The arts center is on schedule for an invite only “sneak peek” special event, Saturday, Sept. 7, with a grand opening for the public scheduled for Oct. 4; its first official “First Friday,” and continuing with the First Friday program thereafter.

Speaking of the sneak peek event, Correia states, “We’re going to invite artists to bring their art in for sale to help us, to highlight their work. It could be art, it could be beadwork or clothing, for the one night only show, with 40% of the sales that will help fund the building.”

  The Oct. 4 grand opening will be open with a limited number of tickets for sale. Information and details of the event will be announced on the Dancing Spirit website, dscac.org

The arts center is in the final aspects of construction, Todd Gaver of Clearheart Designs explains, “we’re in transition from all the rough-in trades, framing, mechanical, plumbing, electrical to the finishes. We get to the finishes, which is prime and paint, tile, electrical trim, plumbing trim, so right now we’re more than 50% complete on a percentage.”

Color plays a major role in the aesthetic of the new building, Correia explains the collaboration, “we’ve had meetings with the [Dancing Spirit] board President, Jenny Long Silva to help her understand about color. The purple is purple cliffs, it’s us, it’s our soulmate I believe and it’s Dancing Spirit’s color. The walls are sage, so it also ties into our area – the green sage and the turquoise accent wall was purposefully done at the top and the bottom, so it’s anchored. Everything’s intentional. Turquoise is a complementary color of purple and it works with the sage, we wanted to help our community understand color a little more.”

The main entrance room boasts a 23-foot-high ceiling, with a convex curve to 18-foot-high ceiling, the area will be utilized as a co-op, gallery space.

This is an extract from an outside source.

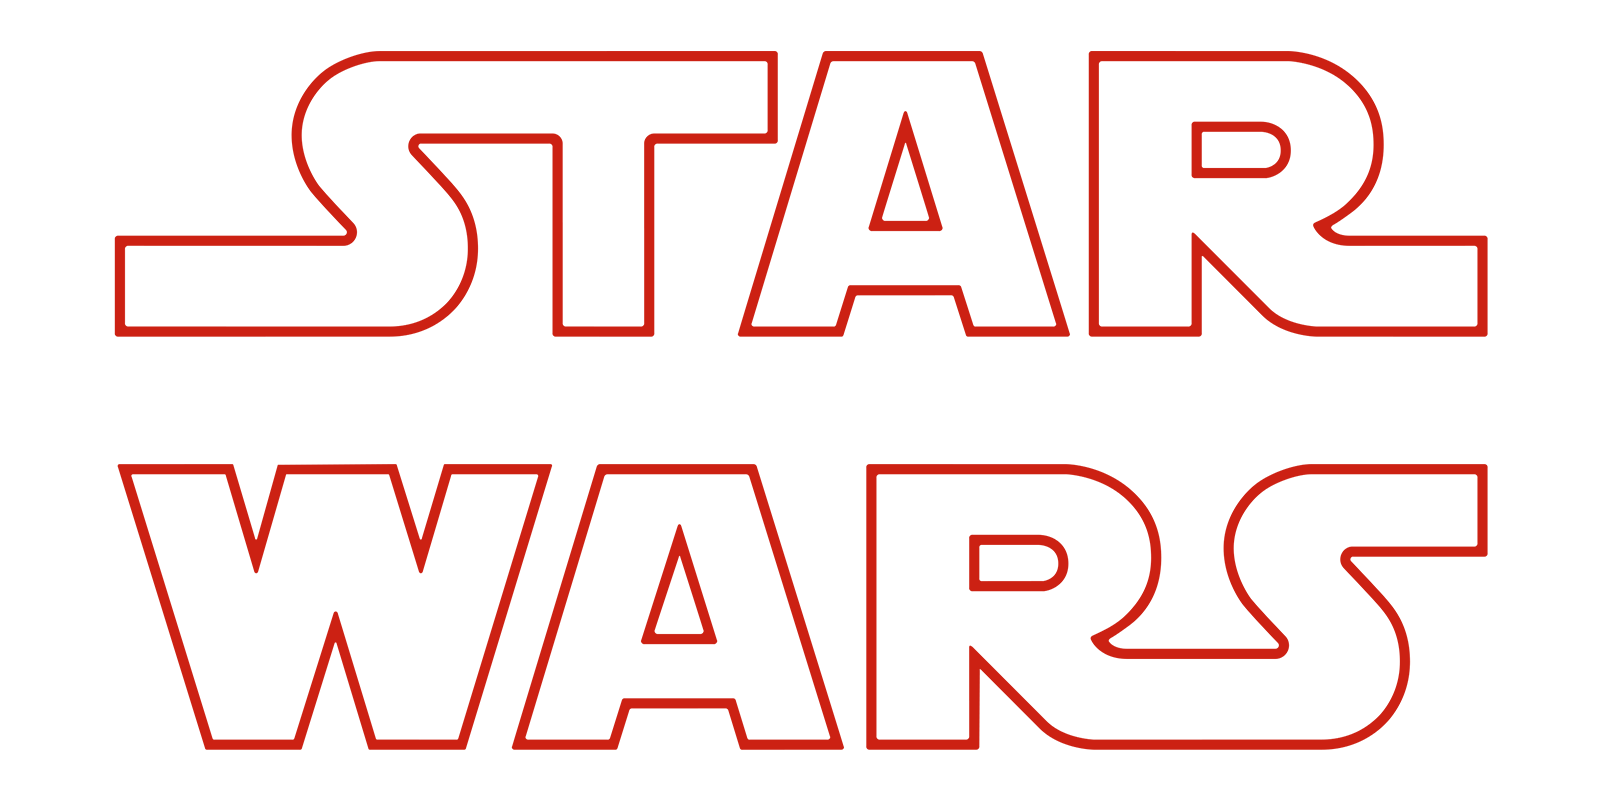 star wars the last jedi full movie watch online

Following the model used at the 755 Goddard location, now Dubs Auto Body, the Dancing Spirit co-op gallery will also offer four-foot spaces for artists to rent monthly.

The arts center will offer art gallery space for established and up and coming artists, an incubator program for students to develop art and business skills, children’s and adult art classes, a full pottery studio including a wheelchair accessible pottery wheel and open studio hours, an area for live performances and art openings.

The strength of the arts center is the “clay room” which will boast a wheelchair accessible potter’s wheel, as well as being disability friendly, with an open feel. “We have a wheel where you could slide underneath it with the wheelchair, it flexes for lots of different disabilities,” Correia said.

The Dancing Spirit Board has worked with the Town of Ignacio, the Southern Ute Tribe, and the designers and architects, from color scheme to architecture, to meet the community’s needs.

“A big shout out needs to go to the Town Manager Mark Garcia. Mark was involved on the design process from day one as well to make sure we weren’t going in a direction that wasn’t consistent with the LUDC (Land Use Development Code). We wanted to bring in design elements that were already in Ignacio with the buildings we like but without copying,” Gaver said.

“It’s what Todd and Clear Heart Designs as well as IDR and are bringing, it’s always a co-creation. I want to think in our community – my journey has been a lot of healing and when I started working with the Tribe and we started with the Department of Justice doing the healing the healing therapeutic healing thing and then learning we’re going to do this; it’s not art therapy, it’s understanding we’ve healed ourselves and we can help and we’re teaching – we’re interacting to lift everybody. I just want to lift everybody up,” Correia said.

Future Goals

Programming is planned with Boys and Girls Club of the Southern Ute Indian Tribe, Southern Ute Indian Montessori Academy and the Pine River Library. With possible new collaborations include Big Brothers, Big Sisters and Dare to Be You.

Dancing Spirit also looks forward to hosting their annual Fill Your Bowl fundraiser in the new building in December of this year.